La consecuencia es clara: si el bloqueo depende tanto de la psicología como de los cañones, cualquier evidencia pública de “excepciones” reduce su eficacia.

Ormuz, el cuello de botella de 20 millones de barriles

El Estrecho de Ormuz no es un mapa: es un contador de riesgos. El flujo de crudo y productos a través del paso promedió 20 millones de barriles diarios, alrededor del 20% del consumo mundial de líquidos petrolíferos. Y los análisis energéticos insisten en lo esencial: es un chokepoint con alternativas limitadas. Cuando se estrecha el embudo, no hay tubería que absorba el golpe sin fricción.

En paralelo, la crisis de 2026 ha dejado un patrón repetido: un tránsito habitual de más de 100 buques diarios que puede desplomarse por miedo, primas de seguro y ambigüedad legal. El bloqueo estadounidense, incluso si es parcial, eleva el coste del “simple” hecho de navegar. Y en energía, coste significa precio.

El precio invisible: seguros, fletes y gasolina

Los mercados no necesitan un cierre absoluto para tensarse: les basta con la incertidumbre. En los días previos, el crudo se movía ya en niveles elevados —Brent cerca de 98 dólares y WTI alrededor de 100— en un entorno en el que la normalización del tránsito puede tardar semanas. La fotografía doméstica en Estados Unidos también sirve de termómetro político: la gasolina llegó a 4,13 dólares por galón en el contexto de esta escalada.

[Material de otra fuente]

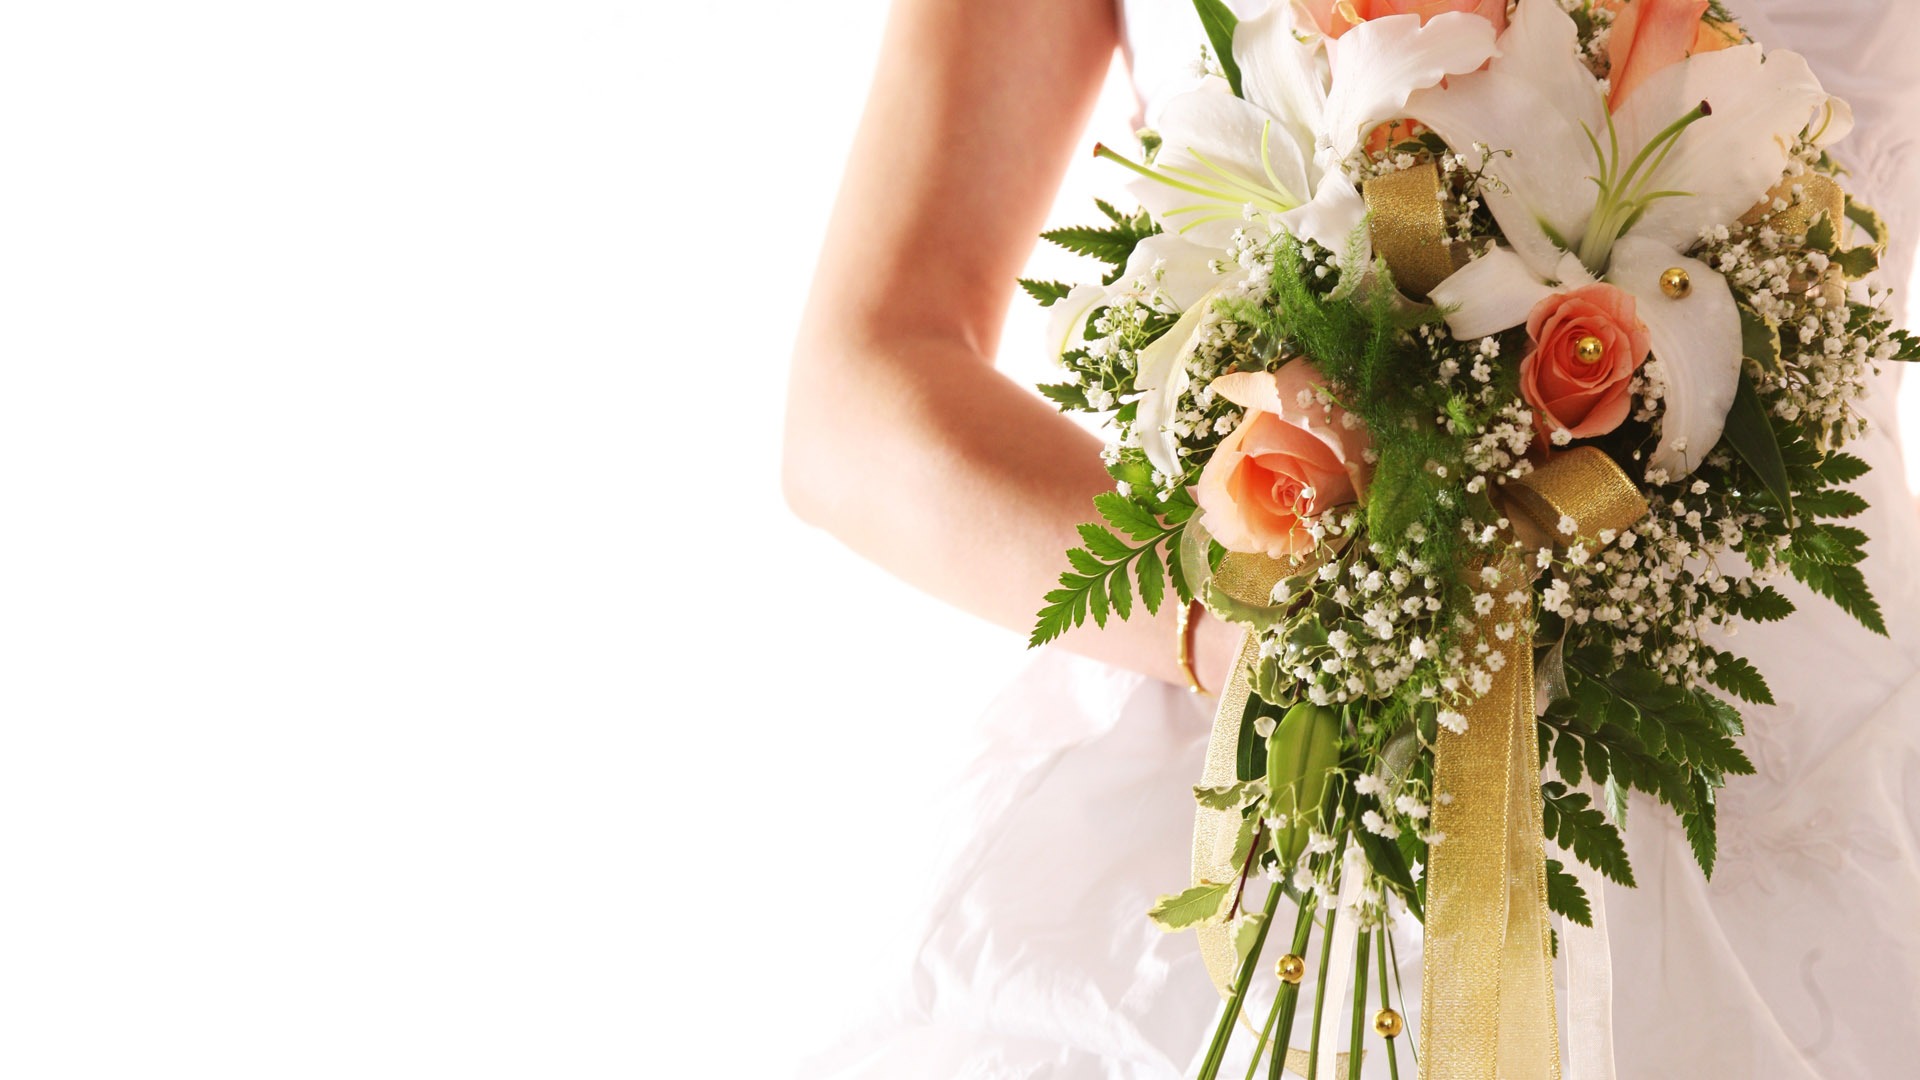 Weddings and Flowers wallpaper (1) #12 - 1920x1080

A partir de ahí, el efecto dominó es mecánico: aseguradoras que elevan primas, navieras que recalculan rutas, cargadores que pagan más por llegar a tiempo y, finalmente, inflación importada. Para Europa, el golpe llega por dos vías: energía más cara y logística más lenta. Lo que parecía un incidente naval se convierte en un impuesto mundial.

Legalidad discutida y aliados a distancia

El bloqueo no se lee solo en términos militares; se mide en legitimidad. La operación estadounidense se interpreta como una medida de alto voltaje sin un paraguas multilateral nítido y con socios que, como mínimo, evitan aparecer como coautores. En el frente interno, además, la tensión política se refleja en el debate sobre poderes de guerra: el Senado volvió a fracasar en su intento de limitar la acción del Ejecutivo en este conflicto.

Ese marco importa por una razón práctica: cuanto más discutida es la legalidad, más difícil es construir una coalición de vigilancia y más fácil es que terceros —desde compradores asiáticos hasta operadores de “flota en la sombra”— busquen grietas para seguir comerciando.

El tablero que viene: disuasión o escalada

El diagnóstico es inequívoco: el bloqueo persigue estrangular el comercio marítimo iraní, pero corre el riesgo de disparar incentivos para la evasión. La “flota opaca”, los cambios de bandera, los AIS apagados y los transbordos discretos proliferan cuando el beneficio esperado supera el riesgo. Al mismo tiempo, Teherán mantiene un repertorio de respuestas asimétricas: presión sobre rutas alternativas, amenazas sobre el propio Ormuz y extensión del conflicto a otros corredores.

La clave estará en si Washington logra sostener un cerco creíble sin pagar el precio de una escalada directa. Porque el bloqueo, en su forma más dura, no solo castiga a Irán: tensiona a importadores, golpea a consumidores y pone a prueba la arquitectura del comercio global en el paso por el que circula una quinta parte del petróleo del planeta.